Точно так же я не понимаю, как можно выдавать за проникновение в глубины человеческого духа произведения де Сада. Полнообъемный садизм не есть свойство подавляющего большинства людей, как это пытался представить де Сад. Так что в гробу я видал Камю.
– Но я предлагаю обсудить тезис Камю безотносительно к личности французского философа. Камю утверждал всего лишь, что в современных условиях, если хочешь заняться философией, лучше написать роман. Чтоб высказать этот тезис, совсем не обязательно быть философом, экзистенциалистом и даже просто больным человеком.
– Мне ваша последовательность напоминает фразу из «Трех мушкетеров»: «Железная воля Миледи не давала д’Артаньяну отклониться от цели разговора». Я думаю, что если кто-то хочет заниматься философией, то пусть ею и занимается. Совет Камю мне напоминает анекдот. Там кто-то говорит, что морская свинка – это как умная женщина: и не свинка, и не морская. В результате получится философский роман, который и не роман, и не философия.
Более того, это приводит к недоразумениям. Вот принято считать, что среди русских писателей был большой философ Достоевский. Я долго не мог понять почему, пока не почитал лекции в западных университетах. Тогда я узнал, что филологи не читают философов, а философы не читают беллетристики. Западные филологи не читают настоящих философов, а западные философы не читают других, кроме Достоевского, русских писателей. А Достоевского читали и те, и другие. Таким образом, Достоевский стал восприниматься на Западе как величайший из русских философов. На самом деле это, конечно, не так.
– А как вы относитесь к современной российской академической философии?

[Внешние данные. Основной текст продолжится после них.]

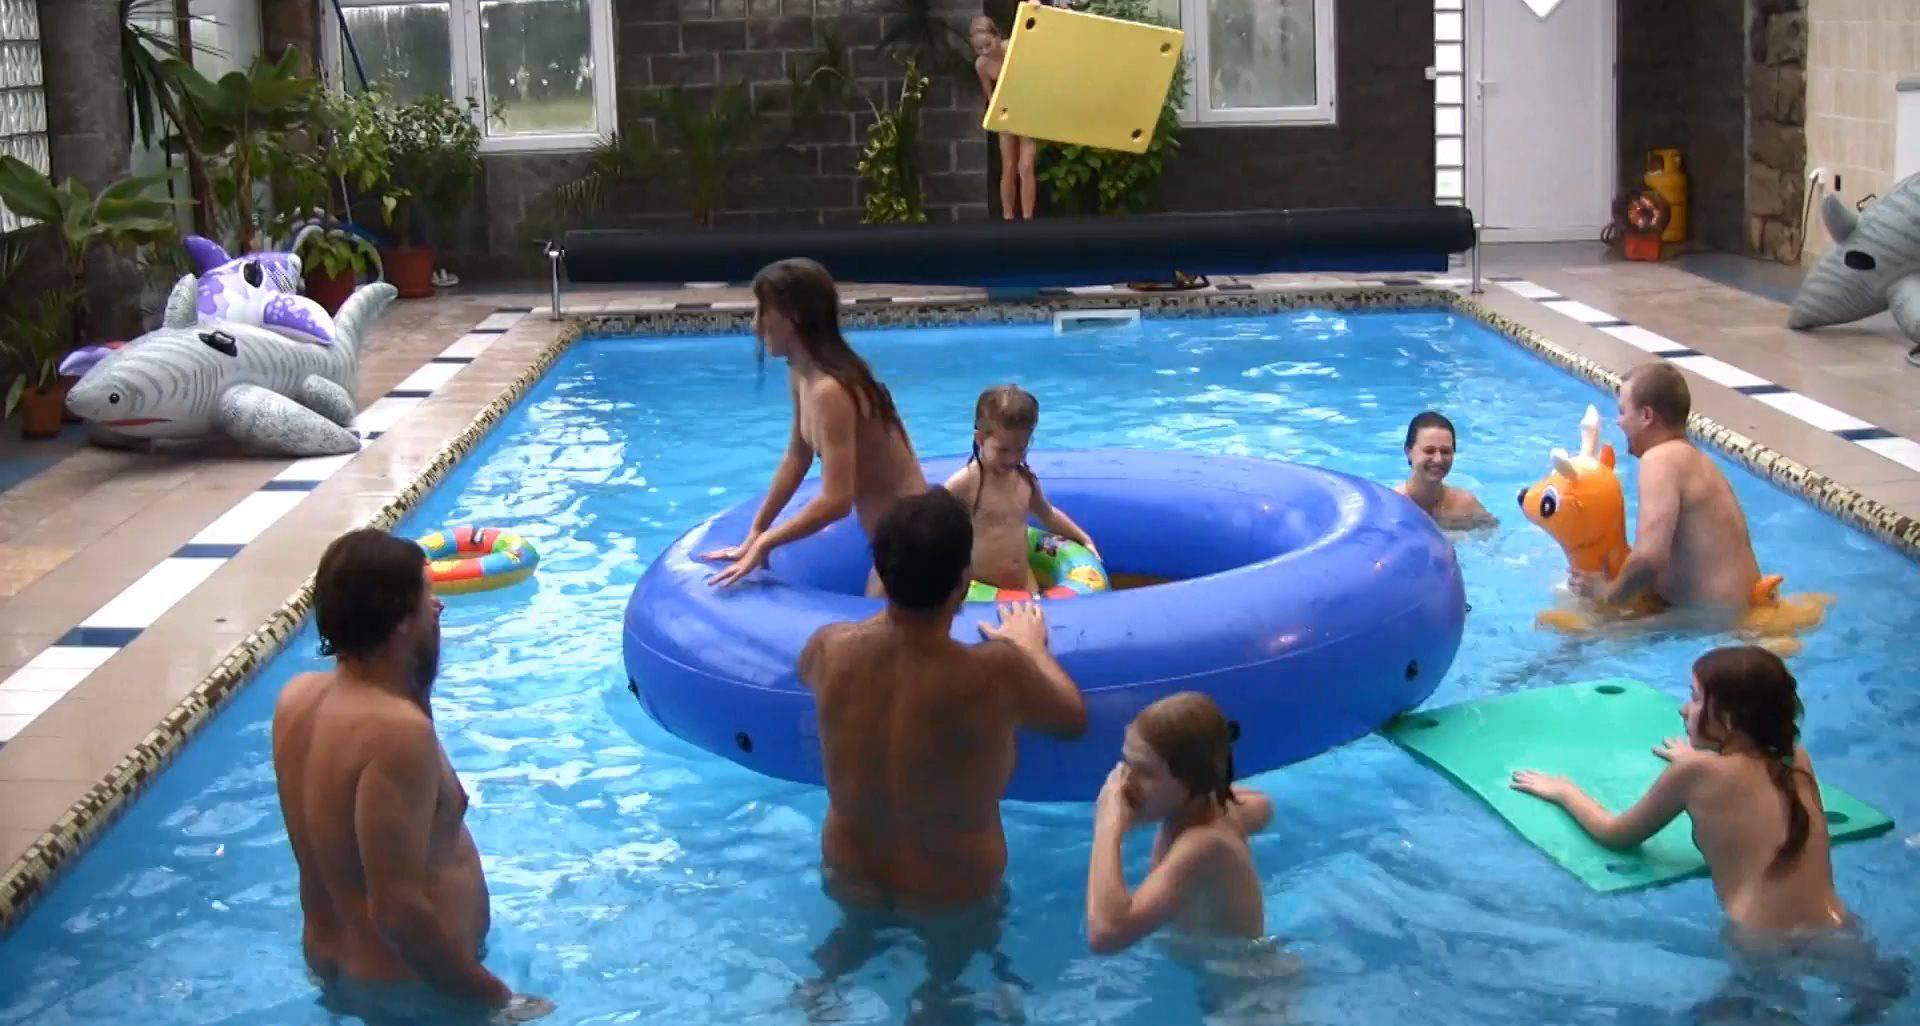 FKK Videos Piano Pool and Tennis - 2

– Вы меня извините, в современной России не существует философии, кроме, простите великодушно, моего энергоэвоционизма. Философия – это цельная система взглядов на мир и объяснение этого мира, которое охватывает Универсум от законов Космоса до законов человеческой психологии. Между этими крайностями пребывает все остальное, как между двумя обкладками аккумулятора, и имеет свое объяснение и логическую увязку внутри цельной системы. В России ничего подобного никогда не существовало. В России было философствование, когда философствовали от точки А до точки Б. Точка А выбиралась произвольно, точка Б – аналогично, а все, что вне отрезка, философа как бы и не касалось.
Кроме того, те, кого мы называем философами, скорее философоведы. Они поступают на философский факультет, изучают разные мировые философии, делают публикации, пишут кандидатскую, затем докторскую. То есть они комментаторы, интерпретаторы, анализаторы других философов, но сами не философы.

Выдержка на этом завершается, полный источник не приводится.